A faithful copy of the data is the goal; set it down exactly, without the images.

DATA PROVIDED: Begin

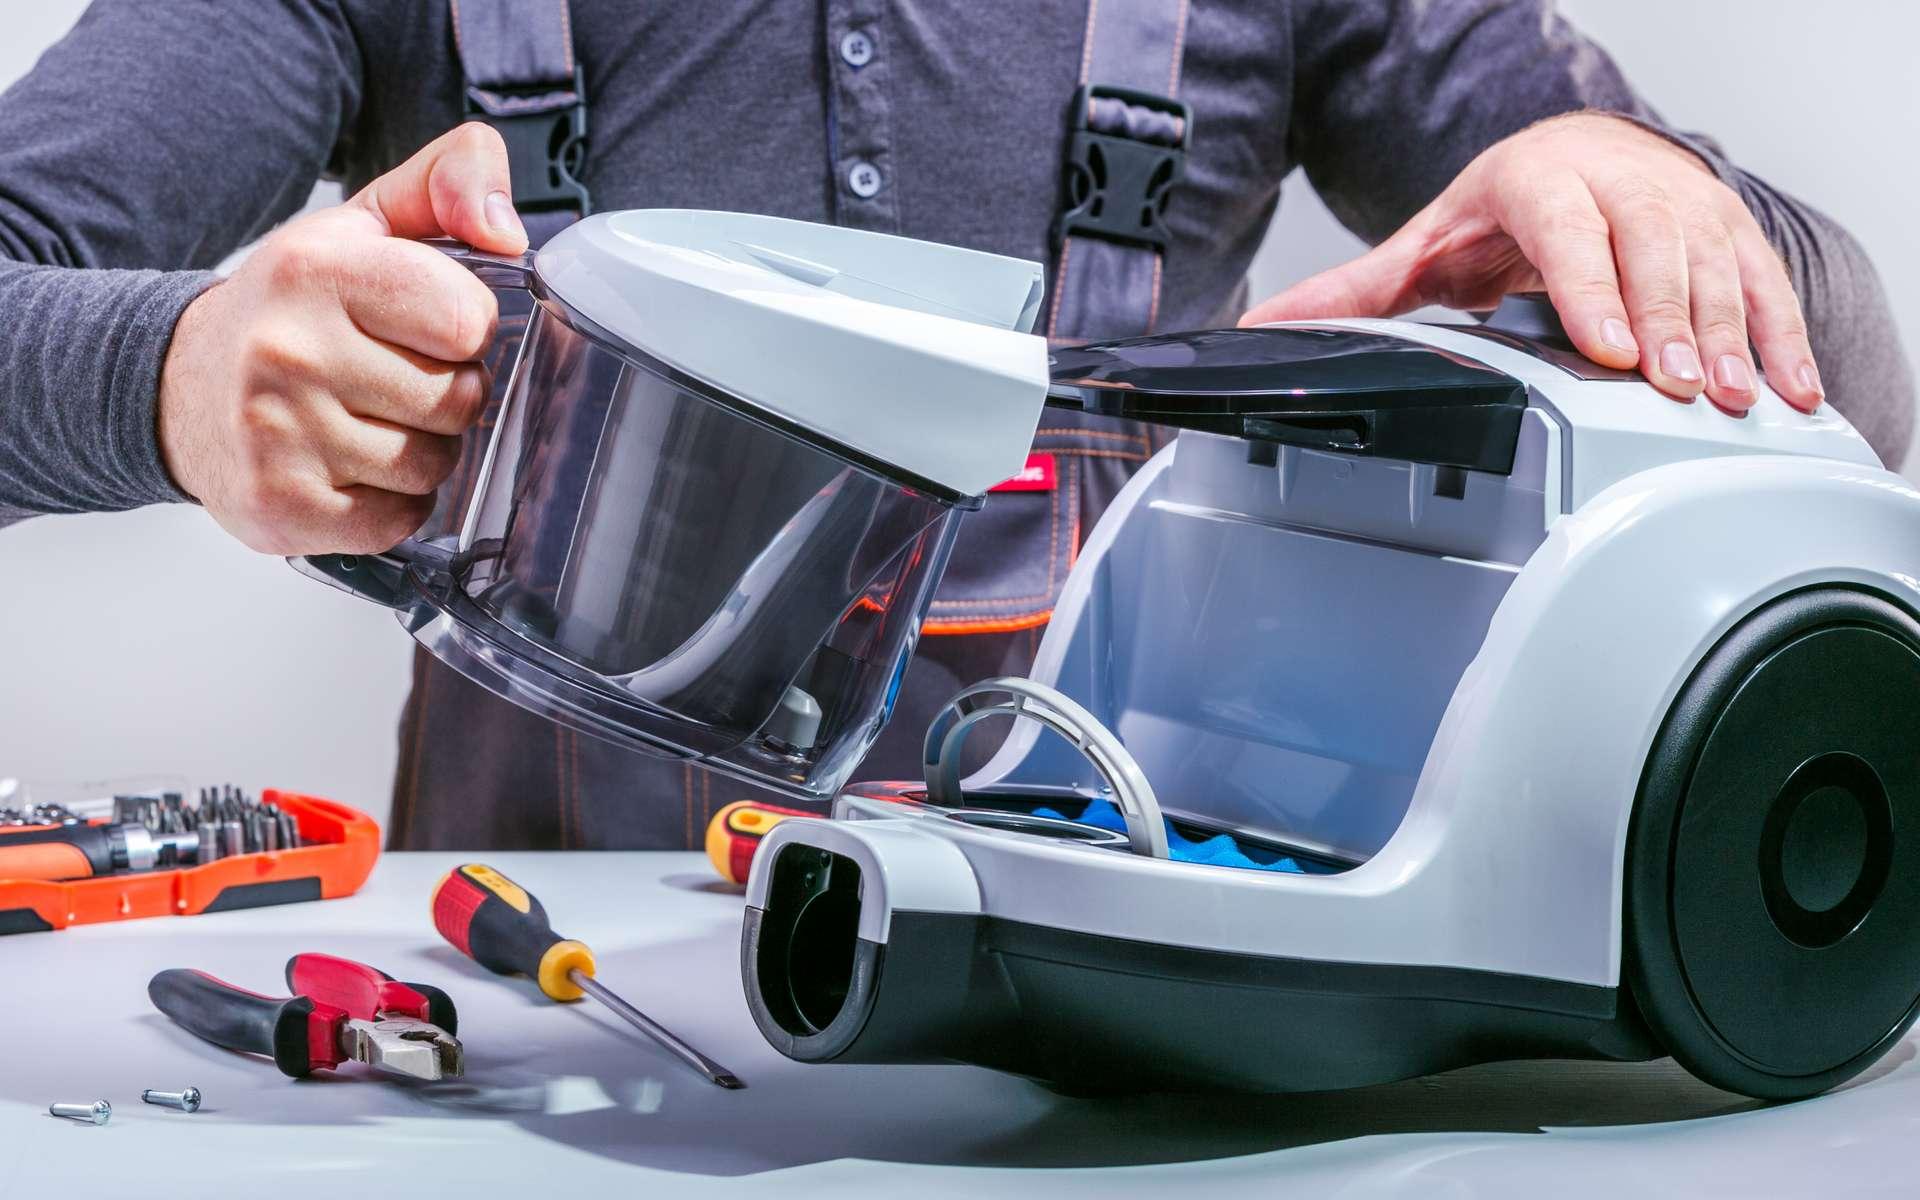 Avec l'impression 3D, il est possible de produire des pièces détachées et ainsi lutter contre l'obsolescence programmée. © 22091967, Adobe Stock
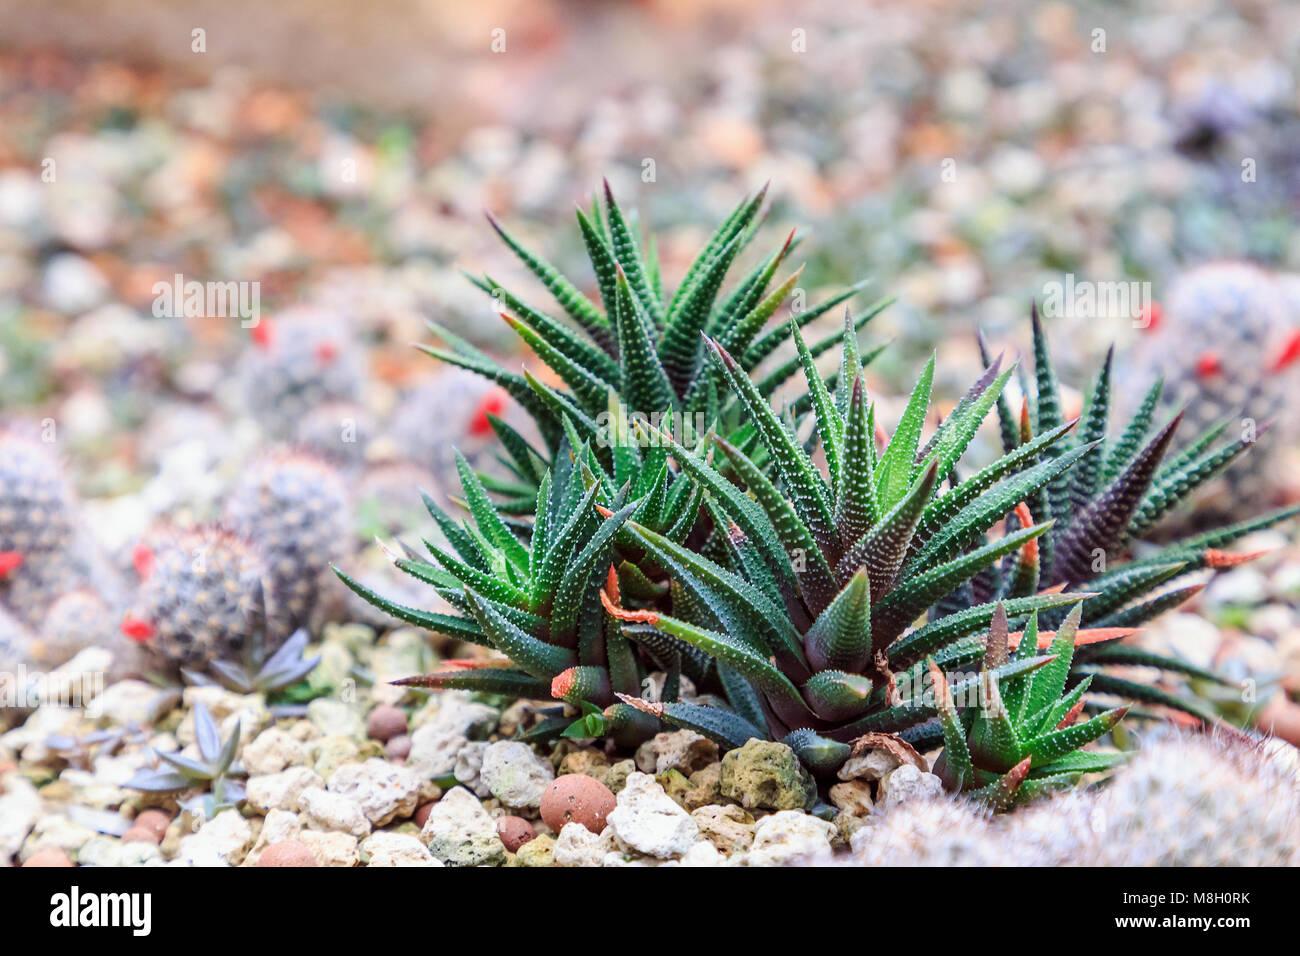 Suculentas o cactus en el jard n bot nico del desierto con - Jardines con cactus y piedras ...
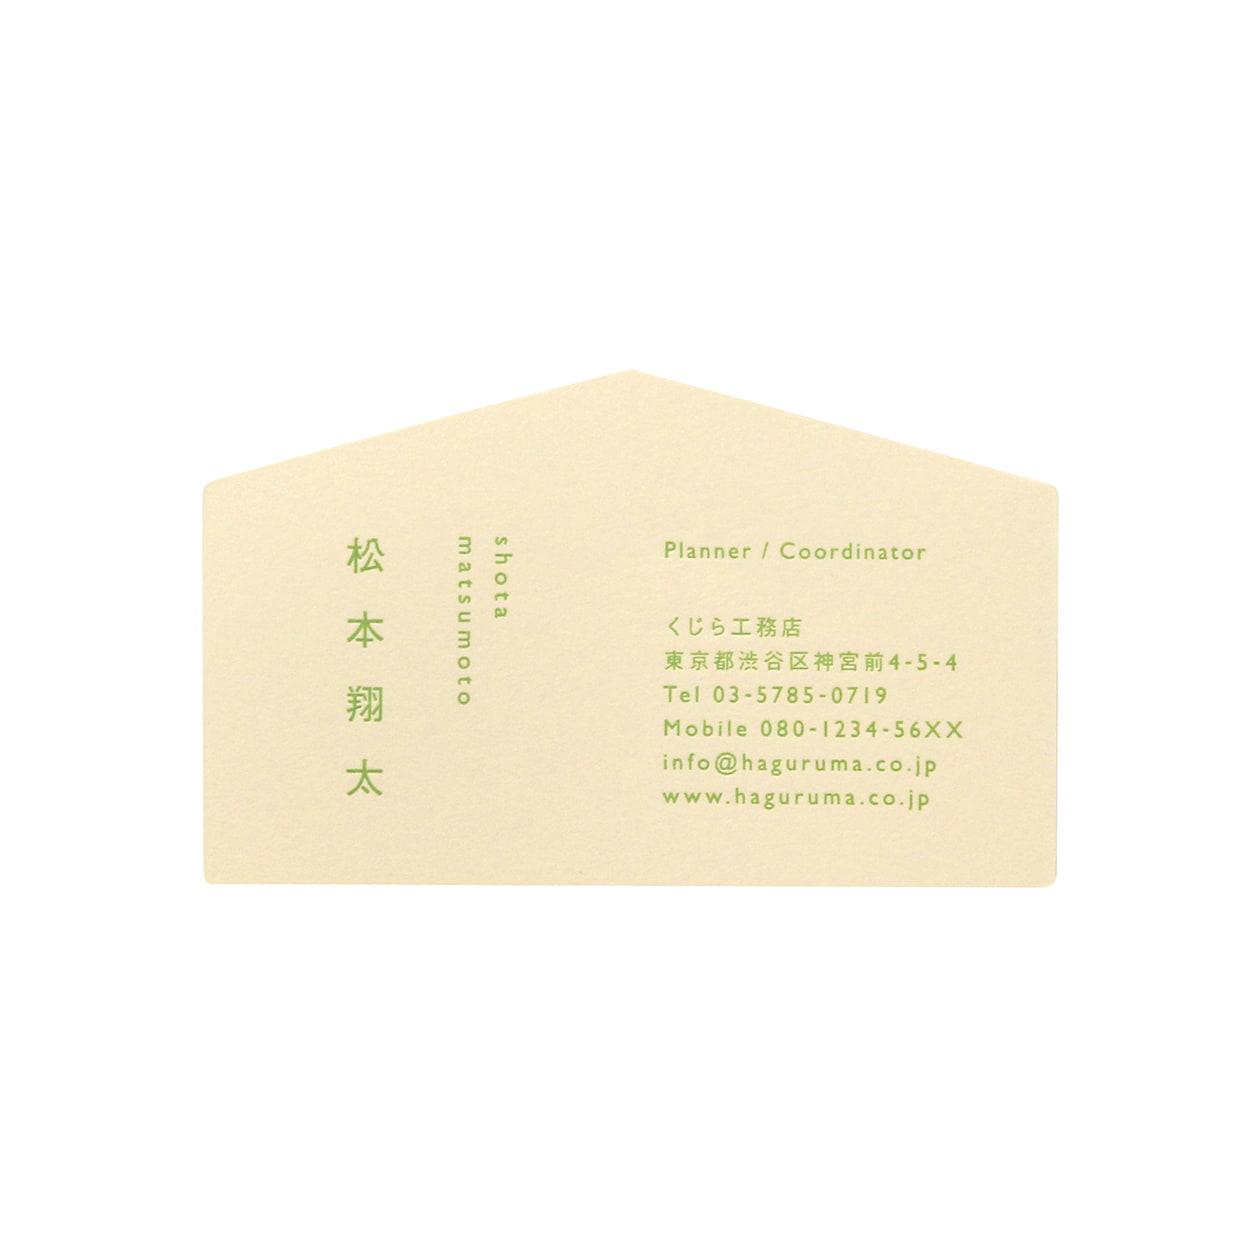 サンプル カード・シート 00364

DATA PROVIDED: End

## ANSWER TO THIS TASK
 Avec l'impression 3D, il est possible de produire des pièces détachées et ainsi lutter contre l'obsolescence programmée. © 22091967, Adobe Stock
 Suculentas o cactus en el jard n bot nico del desierto con - Jardines con cactus y piedras ...
 サンプル カード・シート 00364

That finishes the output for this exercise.